A baby girl was born aboard a rescue boat in the Mediterranean Sea as Italian Coast Guard and Navy ships bring migrants by the thousands to the country’s southern ports.

In the three-day period ending Sunday, 6,771 survivors were rescued at sea north of Libya from overcrowded rubber dinghies and unseaworthy fishing boats used by Libya-based smugglers, according to a Coast Guard tally reported today.

Ten bodies were found on Sunday on boats or in the sea. Calm seas and mild temperatures brought the spike in arrivals.

The relentless flood of migrants this year is on track to surpass the 170,000 rescued at sea by Italy in 2014.

The Navy said a woman, in labour when rescued yesterday, gave birth aboard a patrol ship. Mother and daughter are fine.

Some 10 Italian vessels, four private boats and a French ship acting on behalf of the European border control agency took part in the rescue off Libya, co-ordinated by Italy, the country that receives the biggest number of Mediterranean migrants.

The private Migrant Offshore Aid Station, which runs one rescue ship in partnership with Doctors Without Borders, said on Twitter it had saved 369 migrants, mainly from Eritrea, from a single overcrowded wooden boat. Growing lawlessness and anarchy in Libya — the last point on one of the main transit routes to Europe — is giving free hand to people smugglers who make an average of €80,000 ($90,000) from each boatload, according to an ongoing investigation by an Italian court.

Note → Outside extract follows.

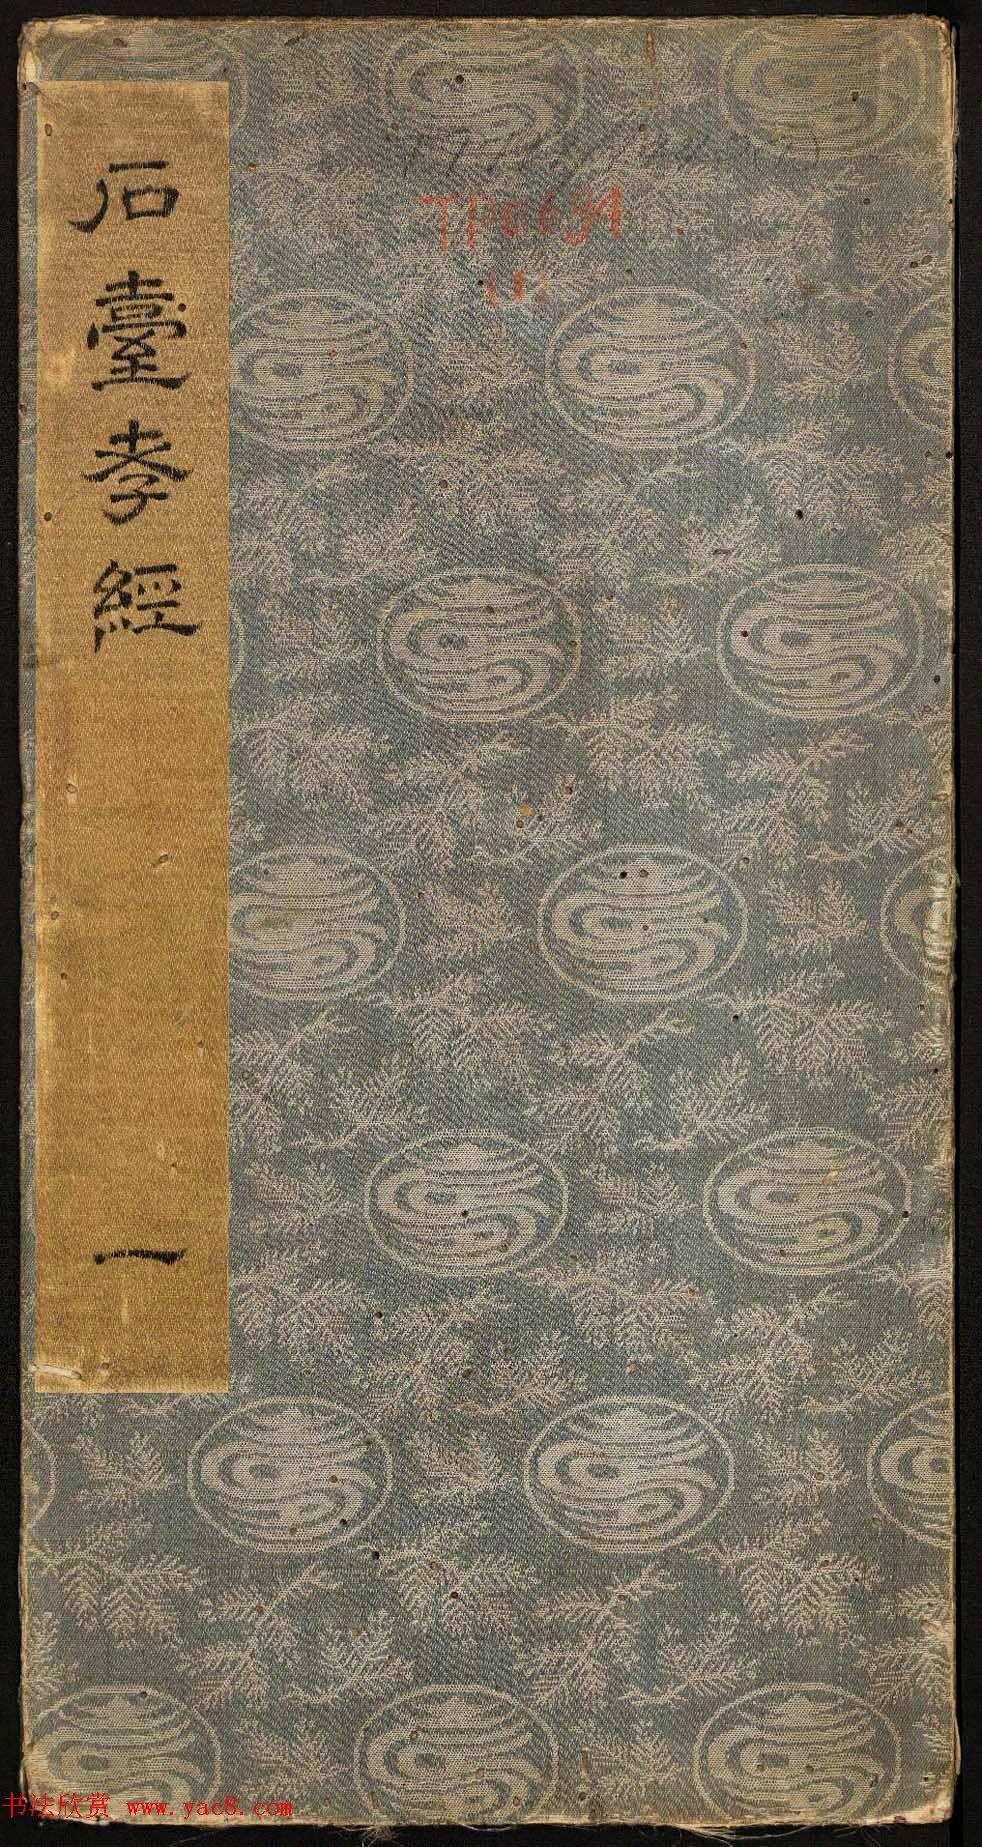 唐玄宗李隆基隶书《石台孝经》1-5册
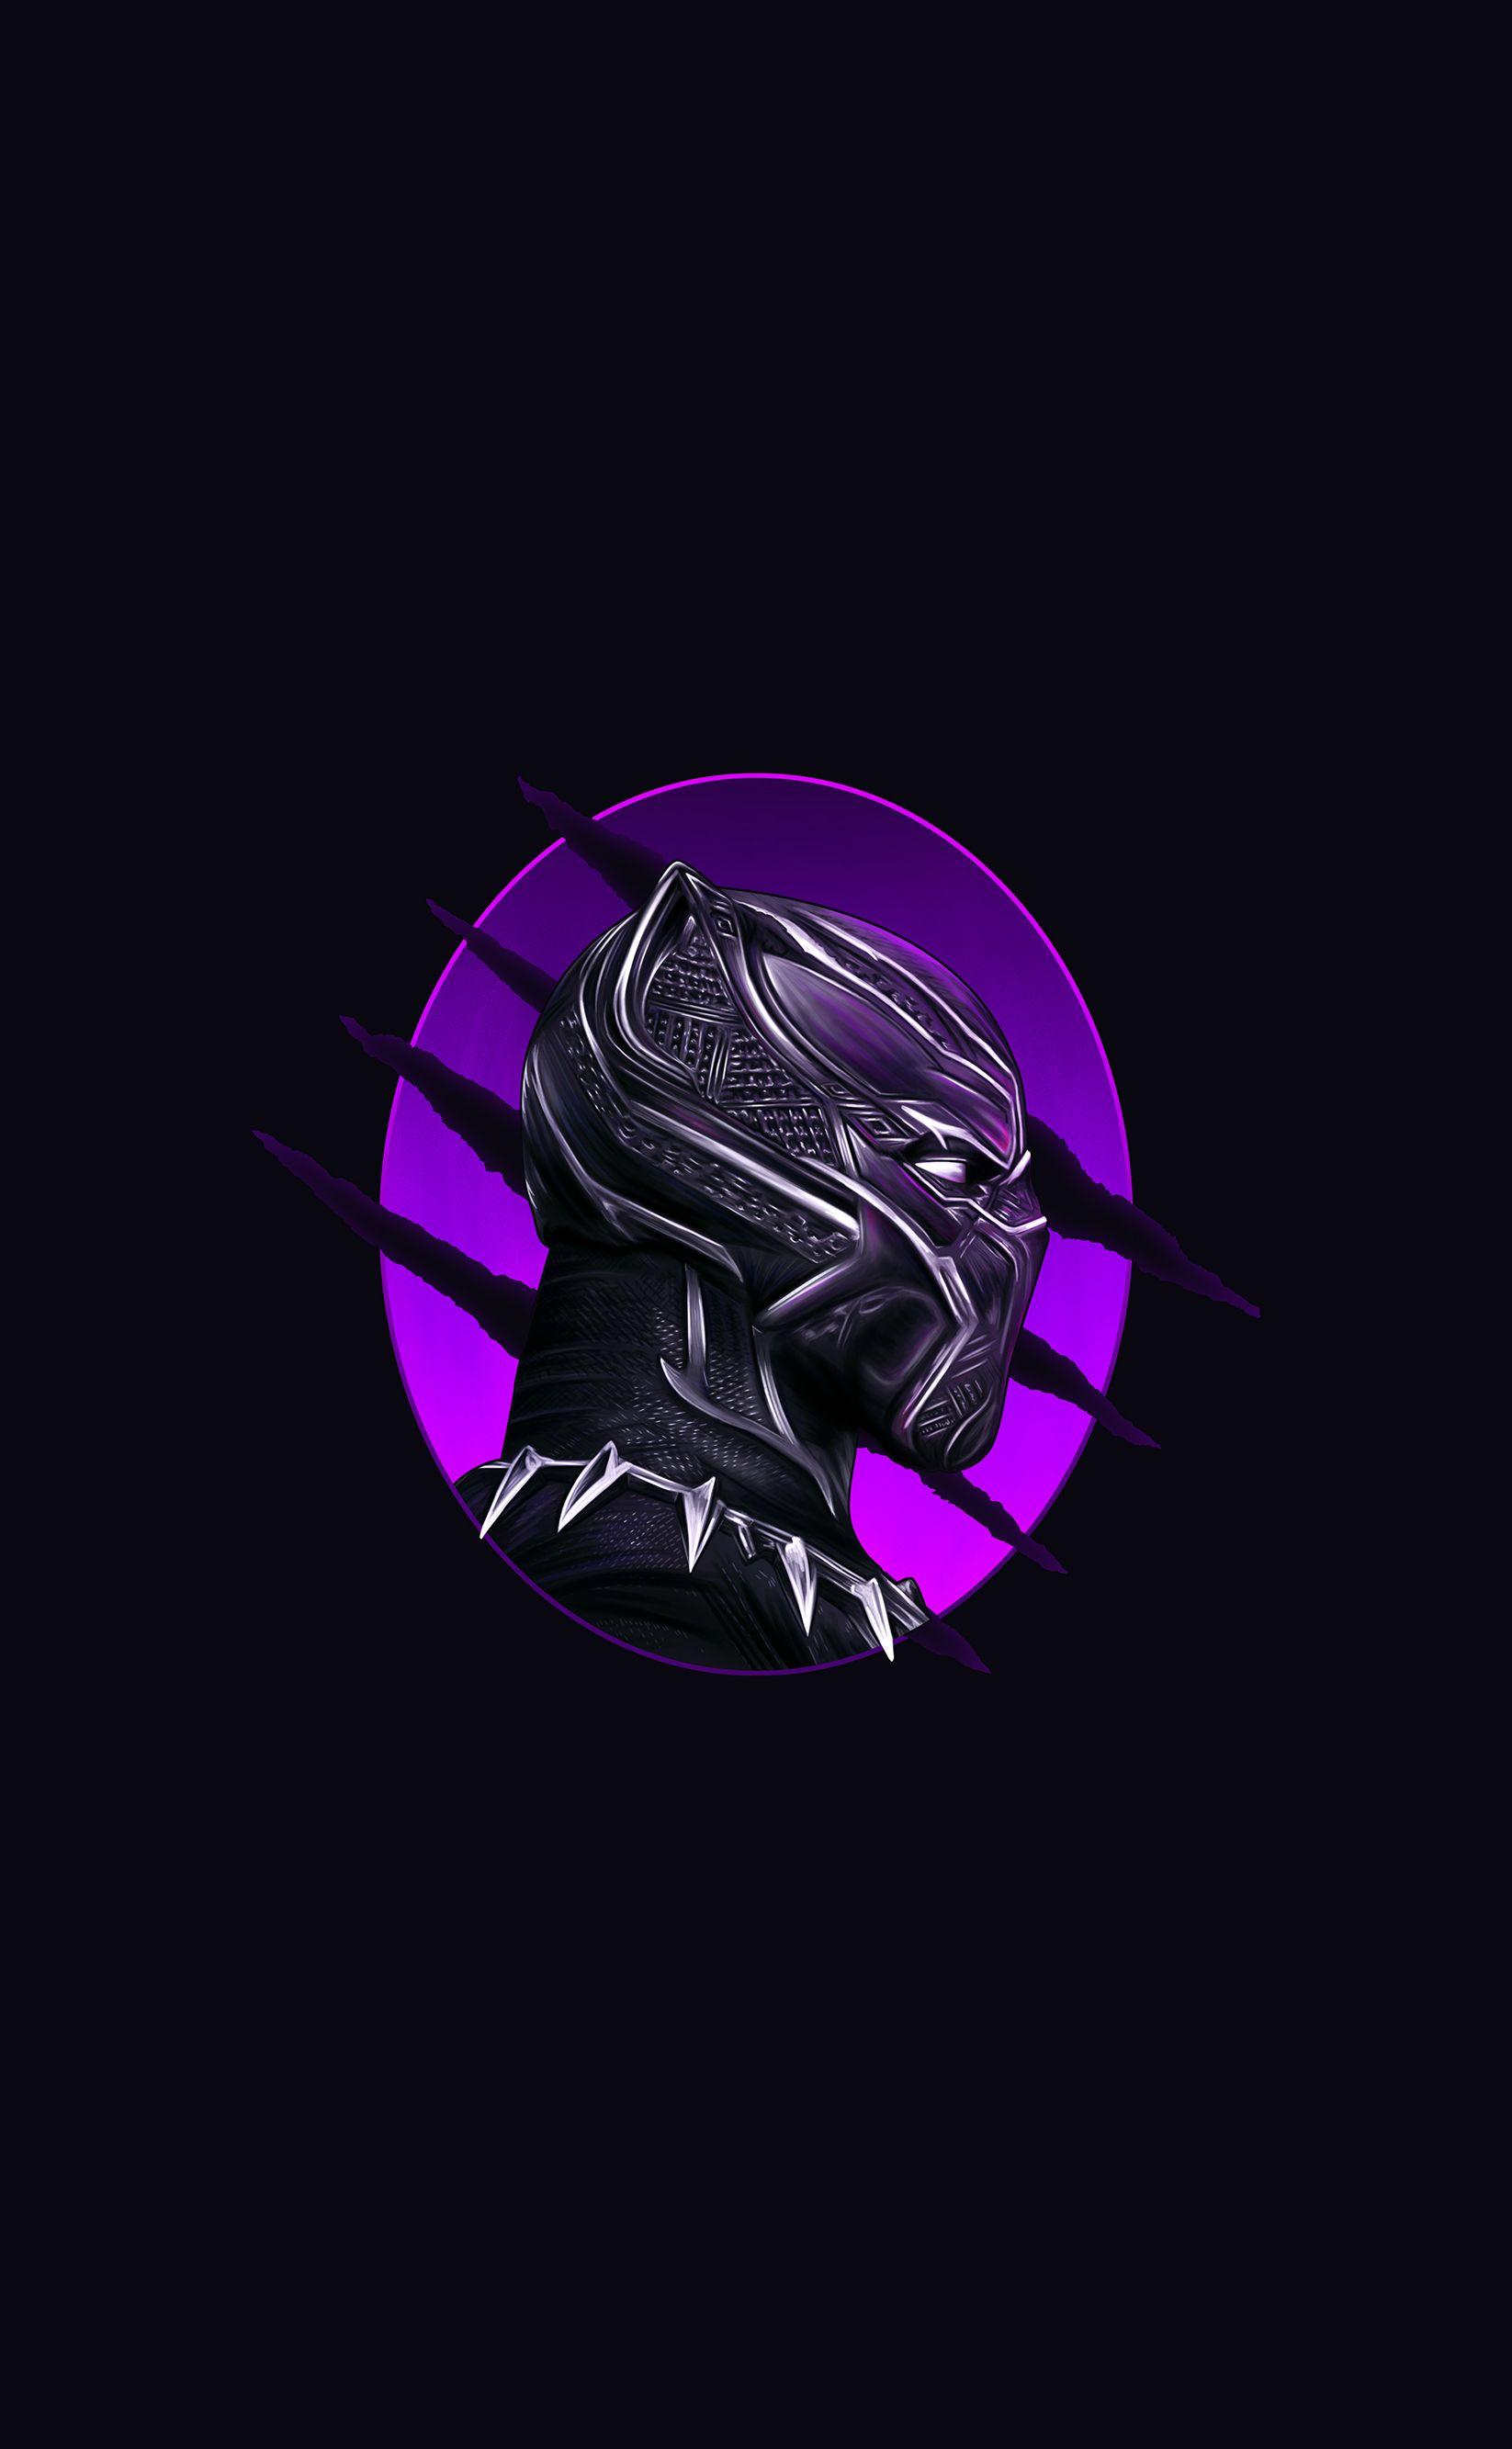 Amoled Wallpaper Black Panther Black Panther Panther Wallpaper

Libyan state news agency Lana said authorities there detained 500 migrants in five boats off Tripoli and a further 480 migrants - from Sudan, Somalia, Eritrea and Ethiopia - were caught in a farm near the central town of Jufra, and another 170 were detained nearby.

EU leaders agreed to triple funding for the EU sea patrol mission Triton, but there is still disagreement on what to do with the people fleeing conflict and poverty in various parts of Africa and West Asia.